IT IS WITH MUCH DISMAY that I watch from the sidelines as our beautiful country continues to slide deeper and deeper down the tubes.
We are being led by a leader whose approach can only be regarded as persistent “fumbling stewardship”. We continue to disregard the plight of the poor and the disadvantaged, as we respond reactively to some of the needs of the people.
The country’s primary health care facility limps along on promises of increased budgets, which never seem to bear fruit.
Similarly, our main educational institutions remain largely unfunded and the imposition of fees on the poorest of families of students attending has met with no further support from ministers, in spite of promises of available funds to deal with the crises. It gets worse day by day.
The leadership remains blinkered. The United Kingdom has 650 members of Parliament to serve a population of 65.14 million people. Their government consists of 15 Cabinet ministers. The Barbados Government has 15 Cabinet ministers, for a population of just 284 215, as at 2015.
Why on earth do we need such a large Cabinet, which drains the country of much-needed resources, to serve a small population. Consider the additional funds for ministries, the salaries, the perks foisted upon the people of Barbados to keep these ministers for one or two terms, so that they can become pensionable and [leave] at the end, leaving the country in a much poorer state.
Year after year the Prime Minister hosts receptions for repeat visitors. Such expense visited upon our exchequer is unnecessary at a time when much needed funds should be diverted to social, educational, road and infrastructure and welfare programmes.
The Public Accounts Committee and the Auditor General are treated with scant regard. We have statutory corporations which fail to file annual returns and remain unaccountable for the annual squandering of the scarce funds vested in them by the Minister of Finance.
Year after year we have the same complaints by the Auditor General. Funds remain unaccounted for; expenditure is vague and unexplained, and “lost” in the system. The audit trail is blurred repeatedly and no one is brought to book.
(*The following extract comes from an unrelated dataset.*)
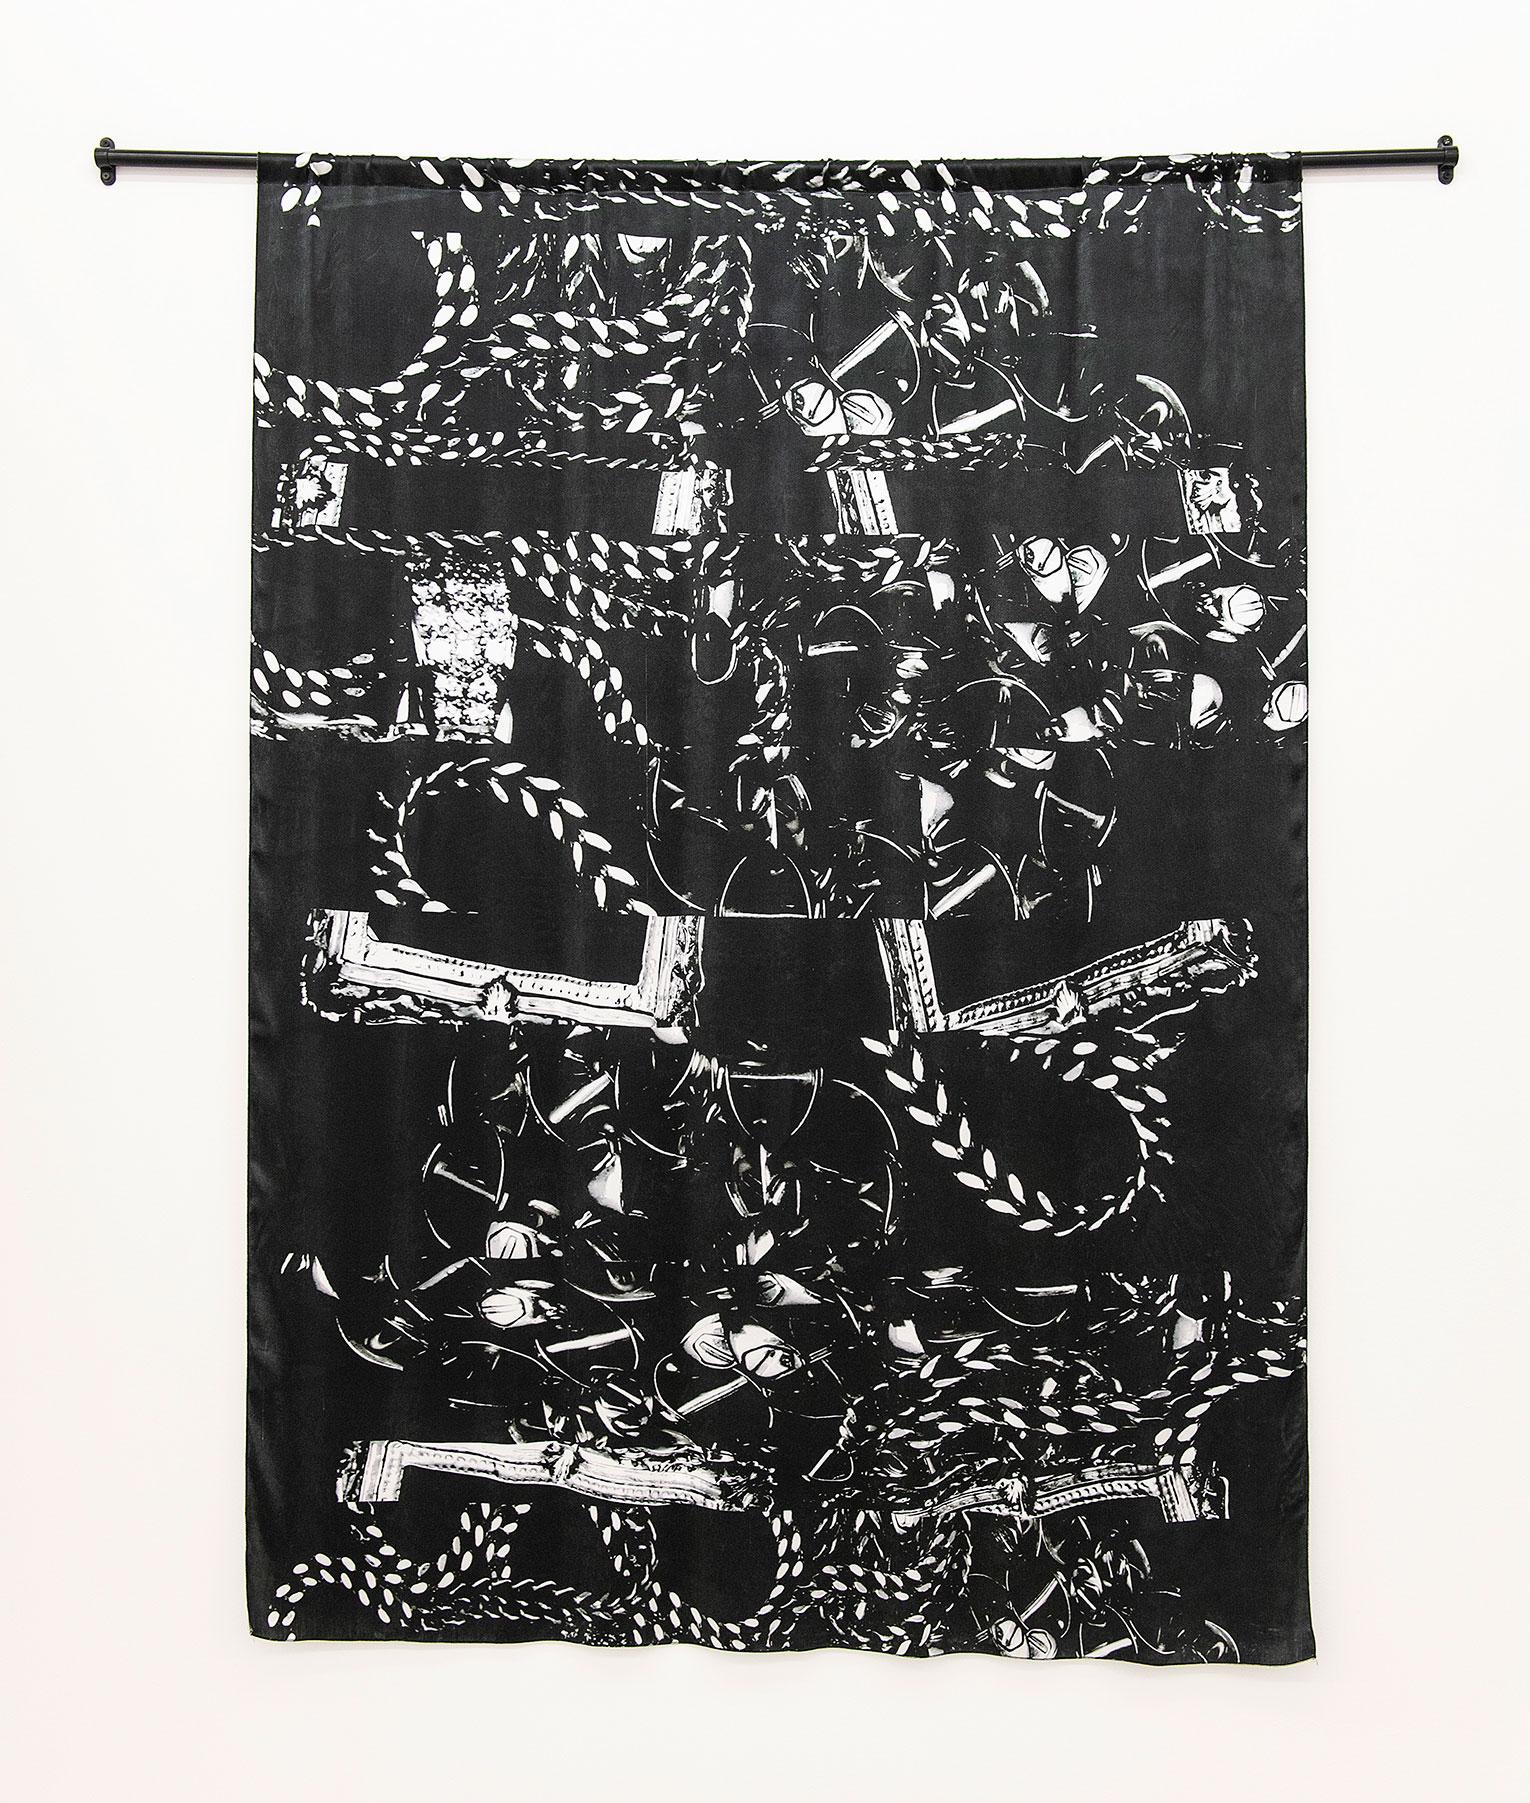 <b>Title:&nbsp;</b>Dubois X Fanon<br /><b>Year:&nbsp;</b>2018<br /><b>Medium:&nbsp;</b>Digital print on Silk Chiffon<br /><b>Size:&nbsp;</b>170 x 125 cm
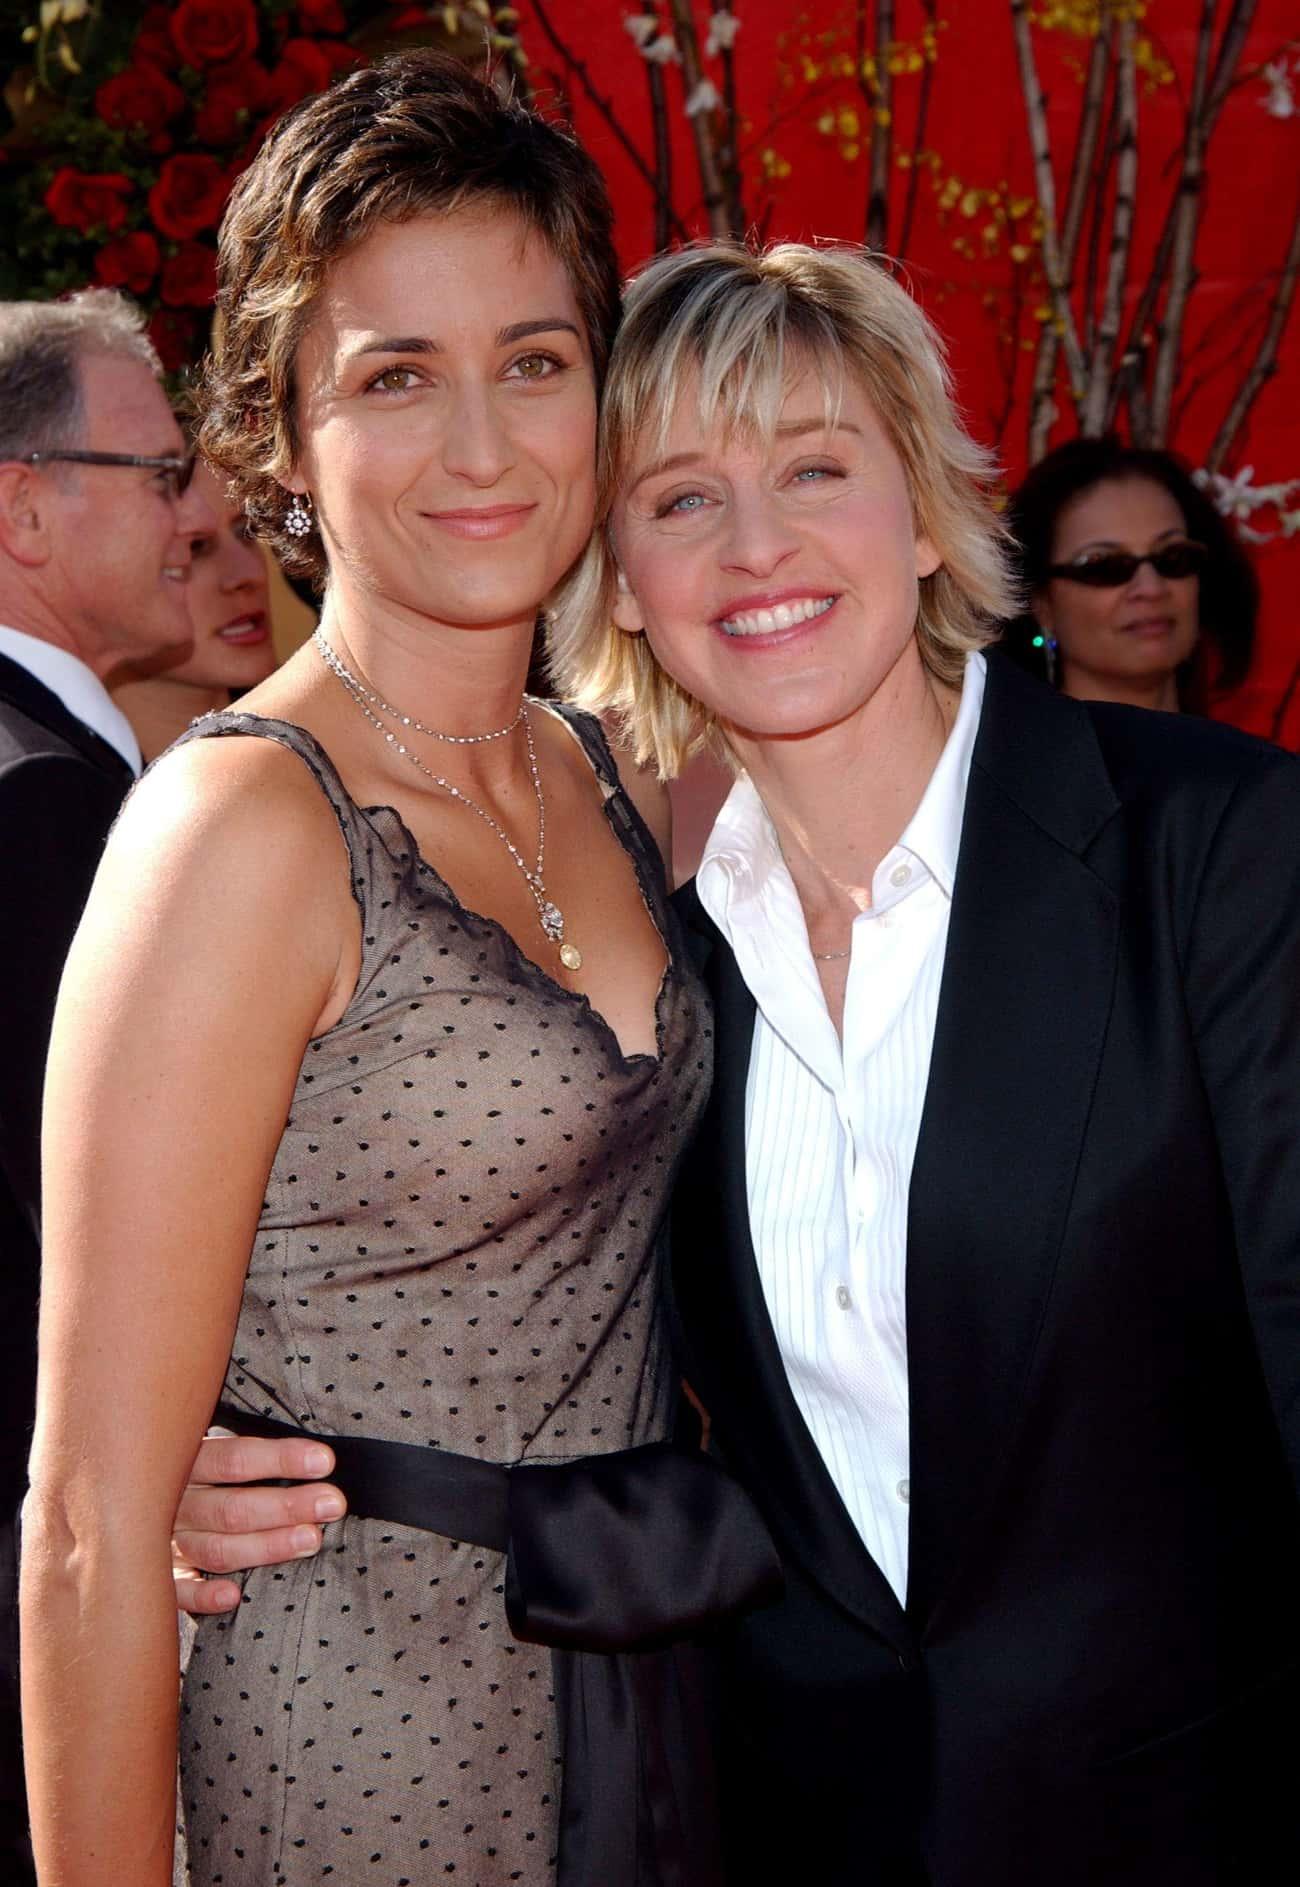 Anne Heche Says Romance With Ellen DeGeneres Got Her Fired

Where are the Prime Minister and Minister of Finance whilst all of these shortcomings continue to infect the economy of Barbados and drain the public purse of its limited resources? No one takes responsibility. We are not a banana republic; we are a so-called stable economy and democracy. I have my doubts.
Several of the statutory corporations should be revisited without much more hesitation. Forget about familial ties, political patronage appointments and kinships within them and let us look at the performance of the majority of these entities. At least two of them perform identical tasks and have similar modus operandi.
One of these could easily be shut down or become an amalgam of the other, thus saving the annual subvention of almost $15 million. At least one, which I have been closely involved, is nothing more than a tourism and travel bureau for its staff, especially the senior officers employed by it. It is regarded by all within as nothing more than a gravy train.
Sadly, it is unlikely that any new incoming government will make a difference. The history of politics on this island serves to remind us that it will be much more of the same.
Unless we overhaul our culture, our ability to put the people and their needs first, to focus on the development of the country, improvement of education, health, social services and infrastructure, we will end up yet again with one or more terms of ineptitude [and] poor leadership . . . .
Enough is enough. It is high time to crawl from under the era of “Fumbling Stewardship”!